You can download the sample data at http://www.py4e.com/code3/mbox-short.txt when you are testing below enter mbox-short.txt as the file name.

And here is what I have written for my code:

fname = input("Enter file name: ")
fh = open(fname).read()
count=0
total=0
for line in fh:
    if not line.startswith("X-DSPAM-Confidence:") : continue
    count=count+1
    pos=line.find(":")
    number= line[pos+1:]
    total=total+float(number)
avg = total/count    
print("Average spam confidence: ",avg)
However, when I try to test the code, it says that I cannot divide by zero, which I suppose means there is a problem with my count and total for the average. Can anyone see if they can spot where I've gone wrong? Thanks in advance.
Perhaps use open(fname) instead of open(fname).read()
I guess it did not find the string or fh is empty.
Instead of summing the total confidence and counting the amount, you can append to a list or use a generator.
The list knows it's own size. So if you have the list, you have all information you need. The values and the size.
If the list is empty, then don't do the calculation. This safes you against dividing by 0.

import statistics
import io

# just to get the data online
import requests


def get_confidence_avg(fd):
    """
    fd should be a file-like object in text mode
    or an iterable with str (lines) as elements 
    """
    for line in fd:
        if line.startswith('X-DSPAM-Confidence:'):
            yield float(line.split(':')[1])
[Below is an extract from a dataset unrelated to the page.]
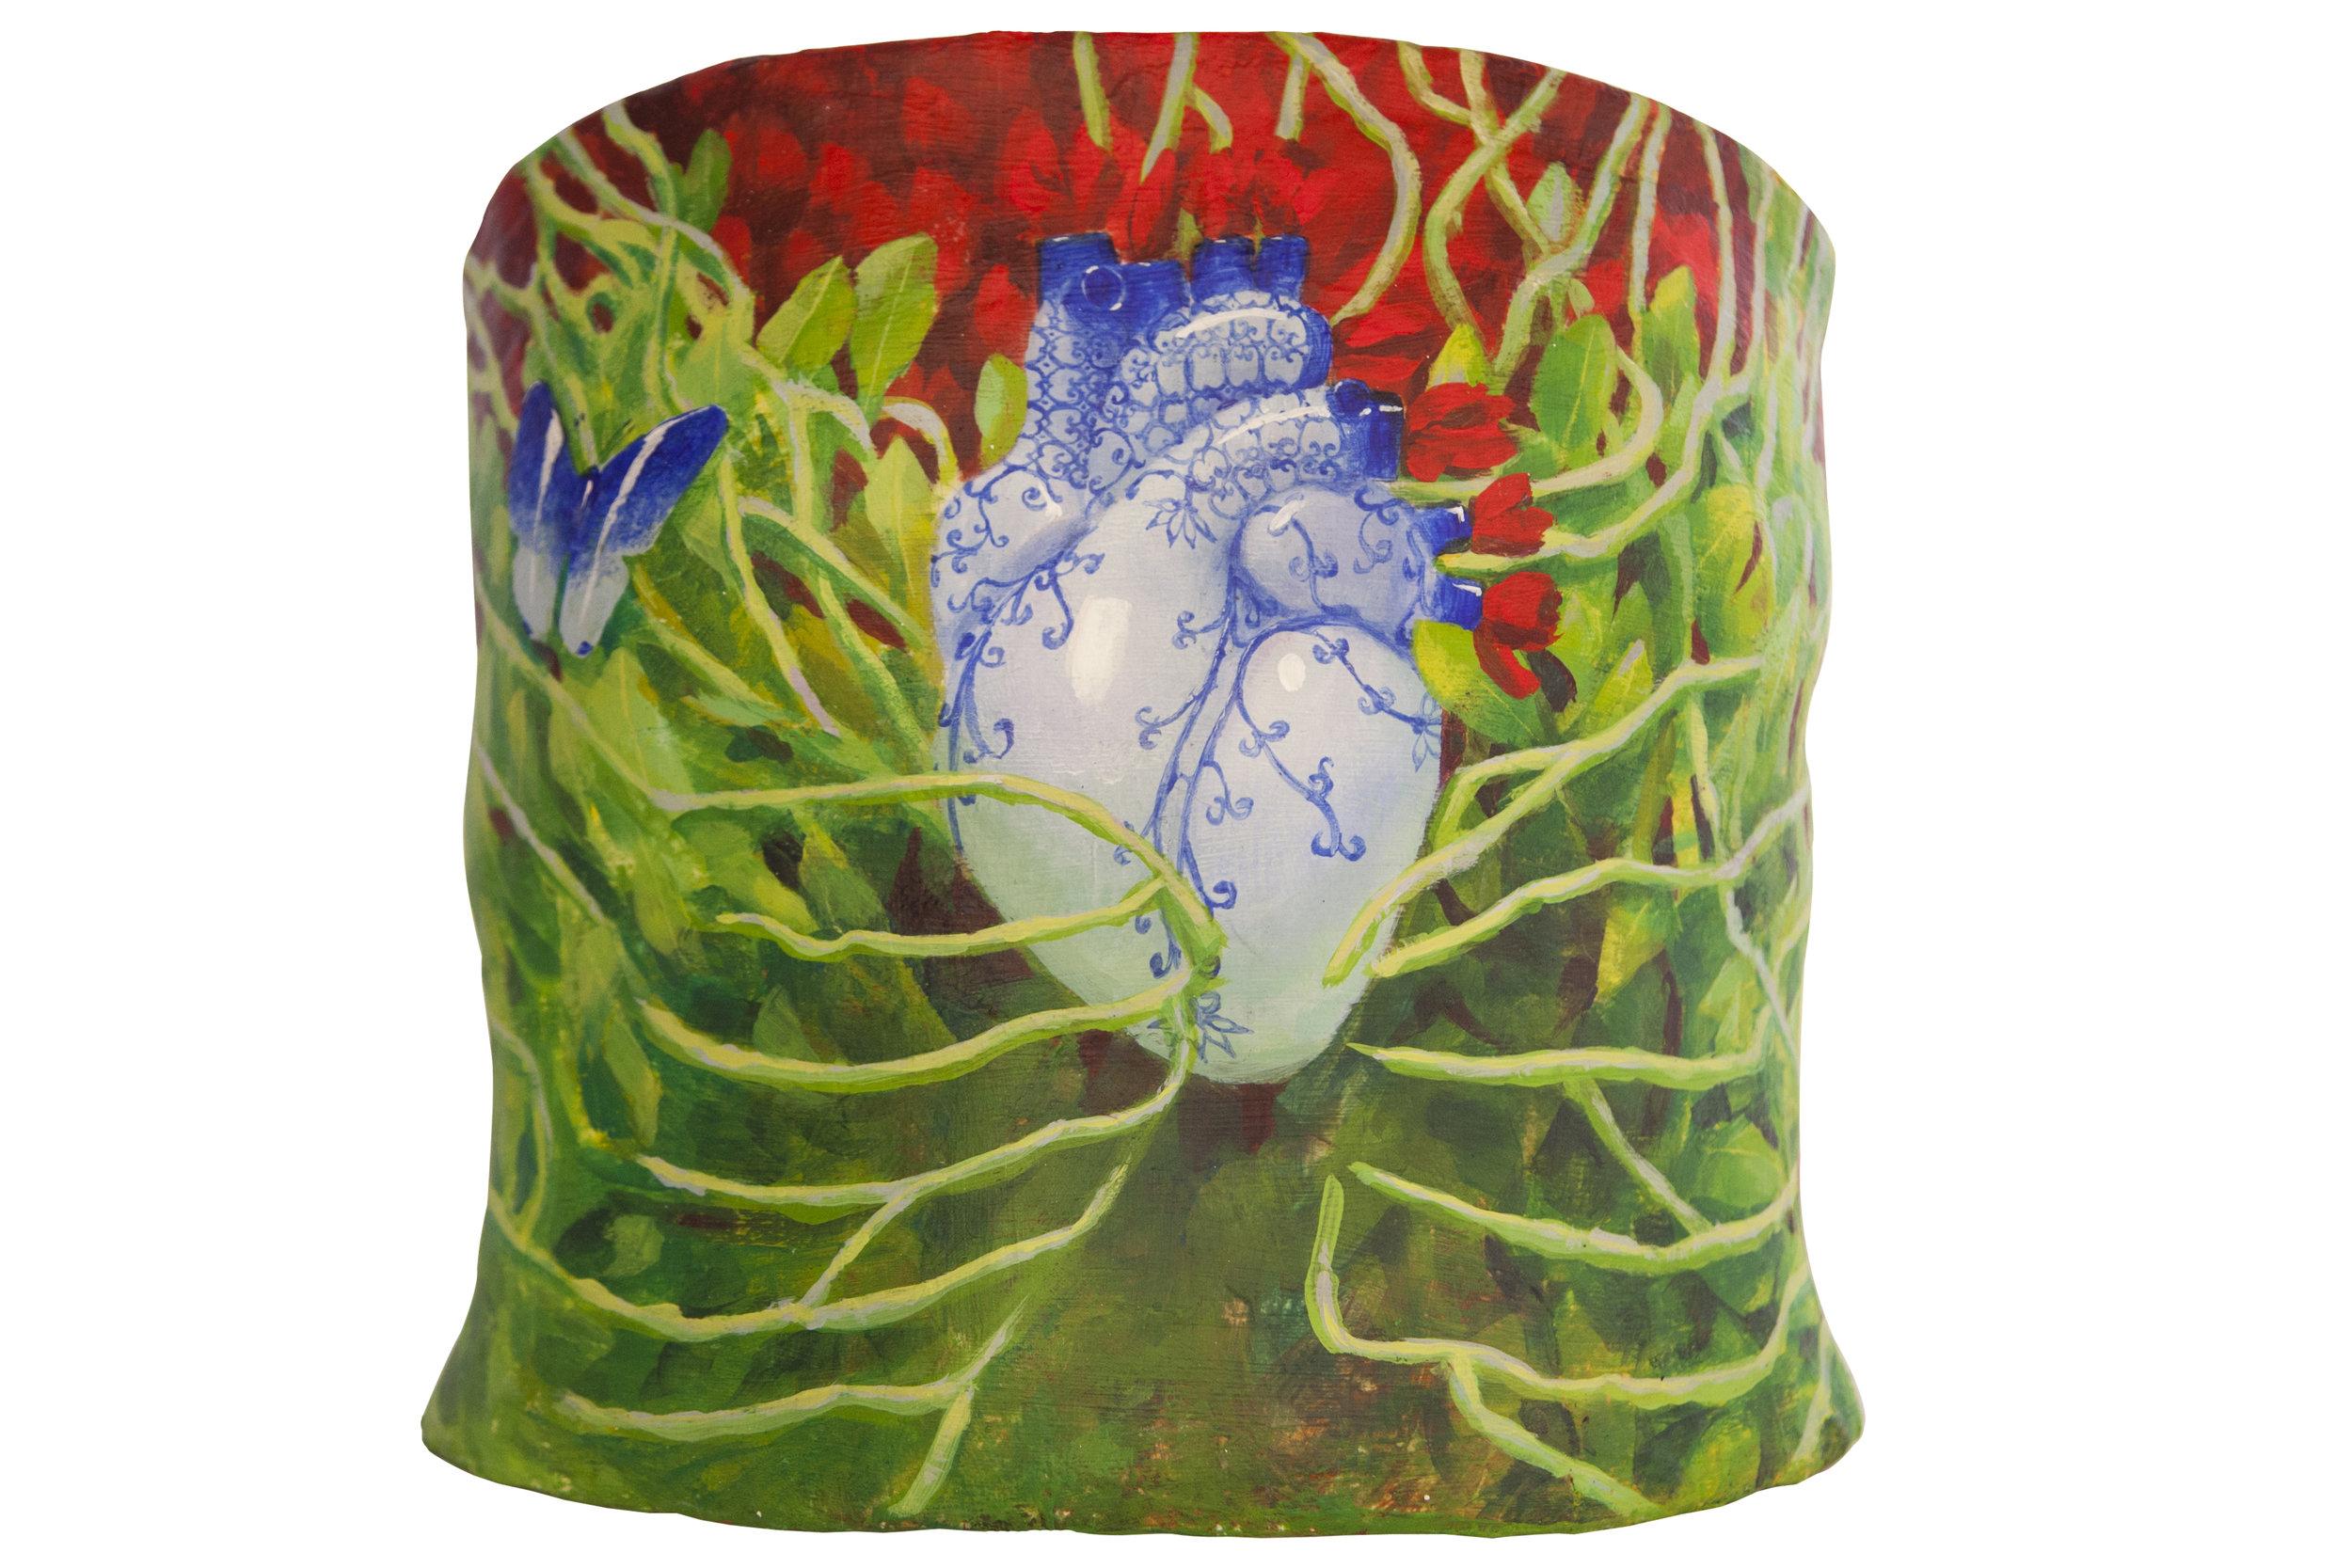 ARTIST: BAO PHAM | CASTEE: JENNA HOLLAND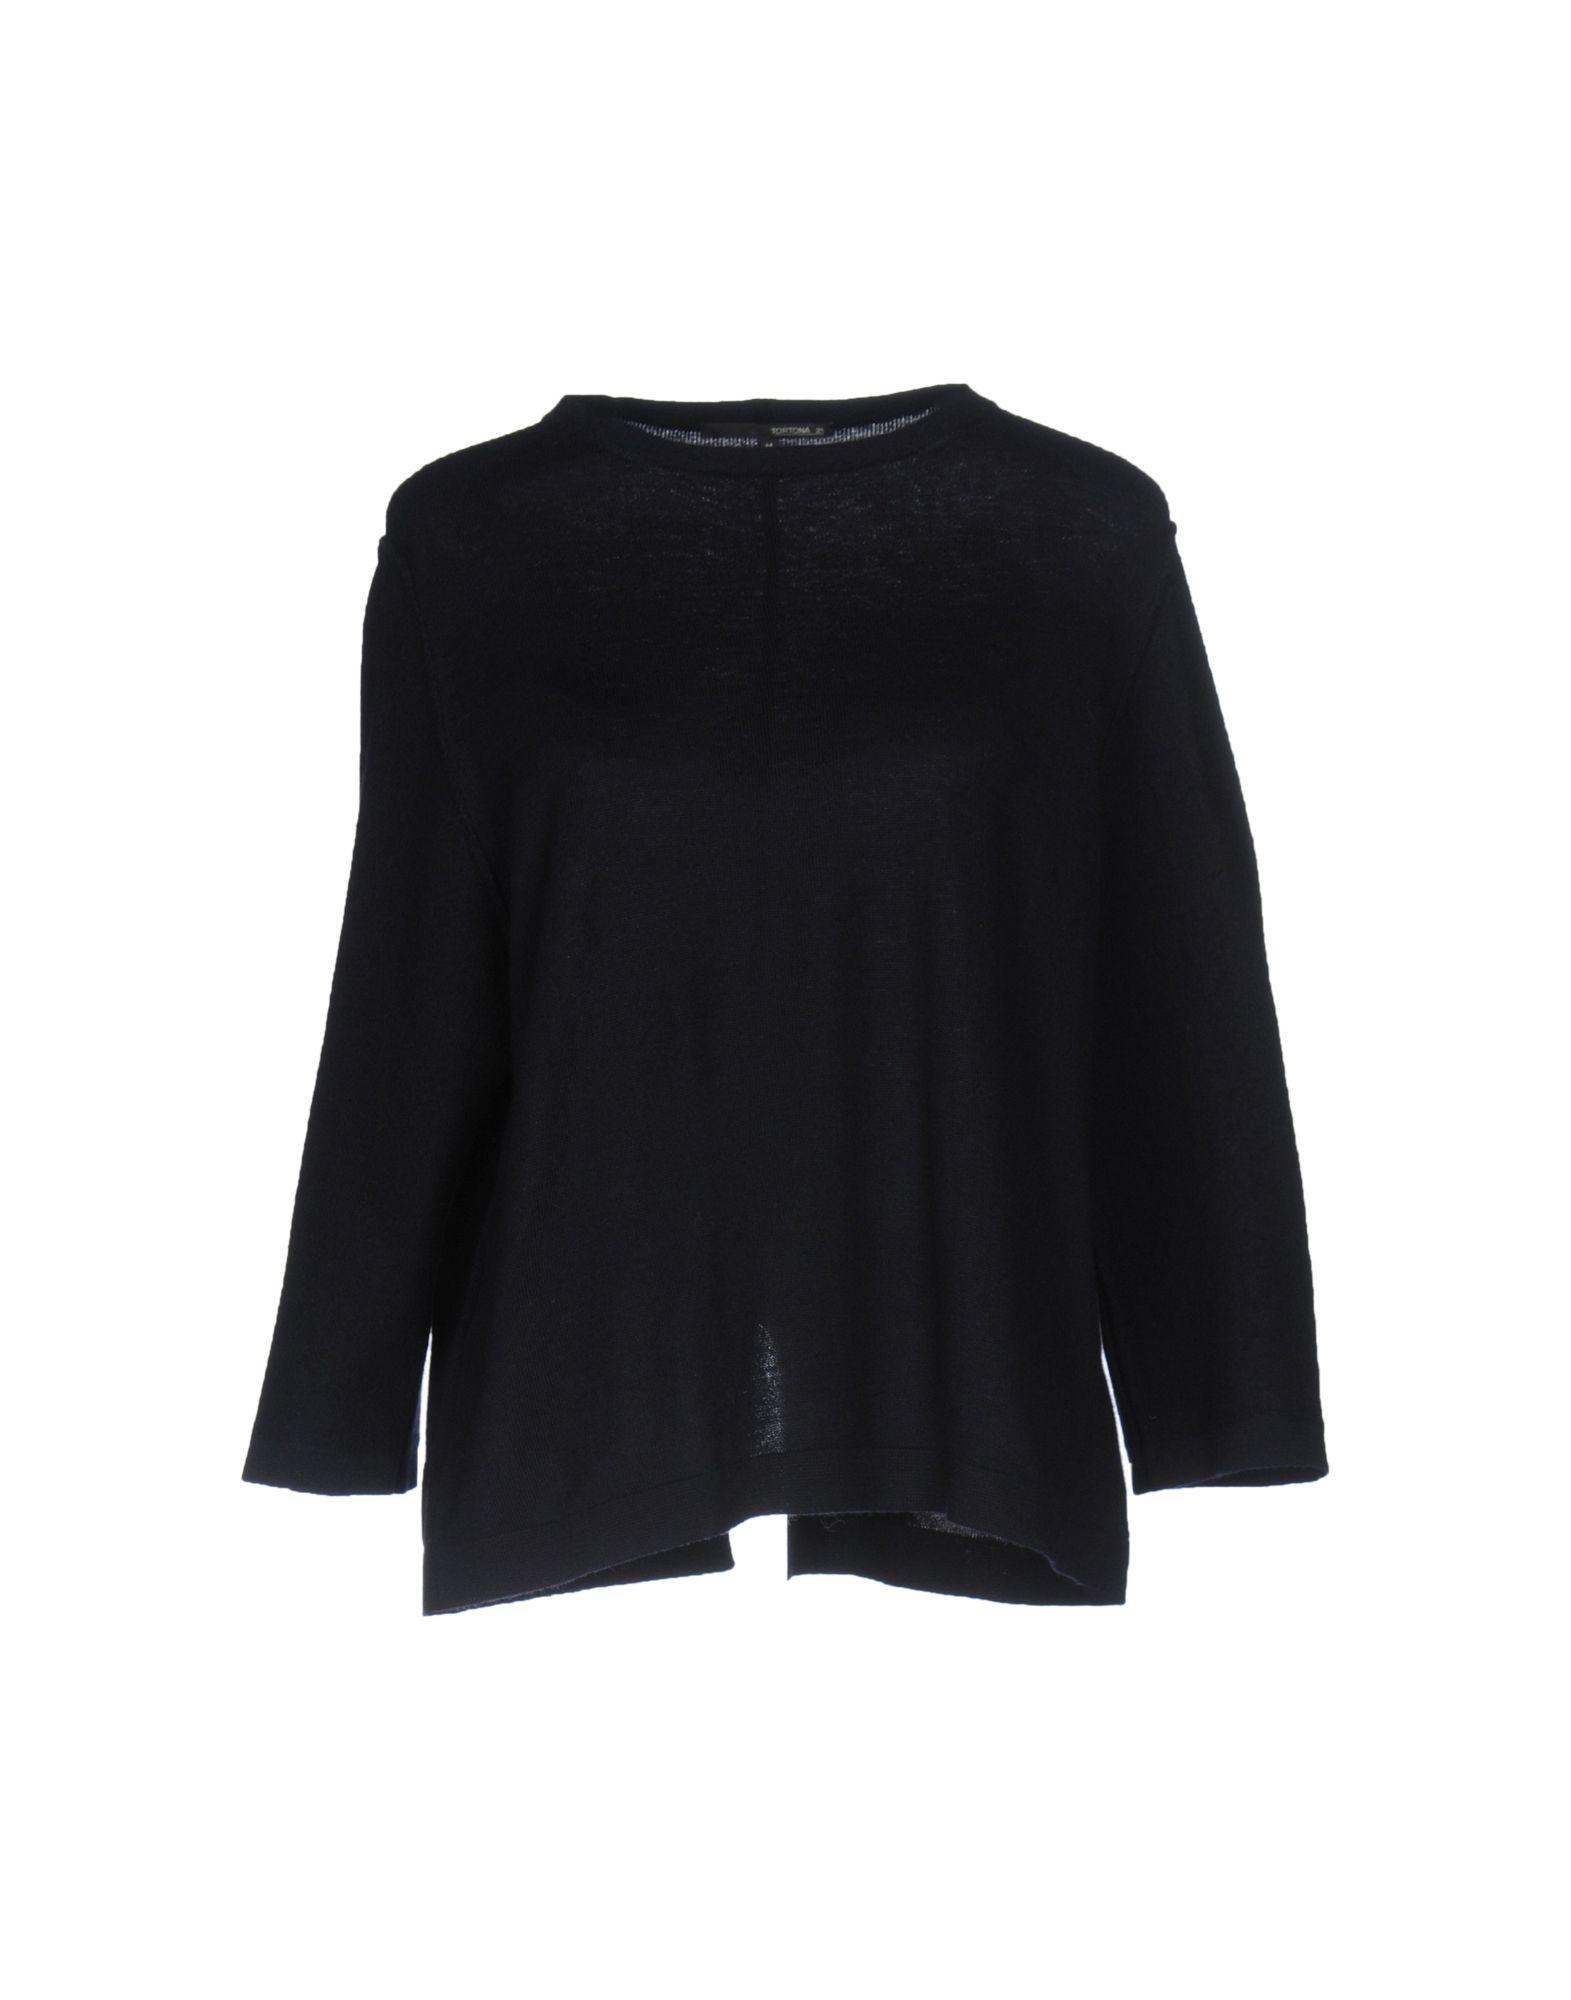 TORTONA 21 Damen Pullover Farbe Dunkelblau Größe 5 - broschei

mail_fd = io.StringIO(requests.get('https://www.py4e.com/code3/mbox-short.txt').text)
# mail_fd is now a file like object and holds the data from the example
# you can use
# with open(somefile) as fd:
#     confidences = list(get_confidence_avg(fd))

confidences = list(get_confidence_avg(mail_fd)) # populating the list with confidence

if confidences:
    mean = statistics.mean(confidences)
    median = statistics.median(confidences)
    # or calculating the mean manually
    mean_manual = sum(confidences) / len(confidences)
    print('Mean / Mean manual / Median')
    print(mean, mean_manual, median)
else:
    print('Did not found any match. No information about confidence.')
PS: Normally open().read() should work and the fd should be garbage collected afterwards. To be explicit is better. Just use a context-manager or use the modern pathlib. The Path object has the methods read_text and read_bytes. Both methods are using a context manager under the hood.
(Apr-09-2019, 01:10 PM)Gribouillis Wrote: [ -> ]Perhaps use open(fname) instead of open(fname).read()


This solved the problem. Thanks so much!
Think about this special case. What happens, if 'X-DSPAM-Confidence:' is not in the mail.
By the way, I have not realized it, that you're iterating over a string.

Iterating on an open file obejct => lines
Iterating on a str object => single chars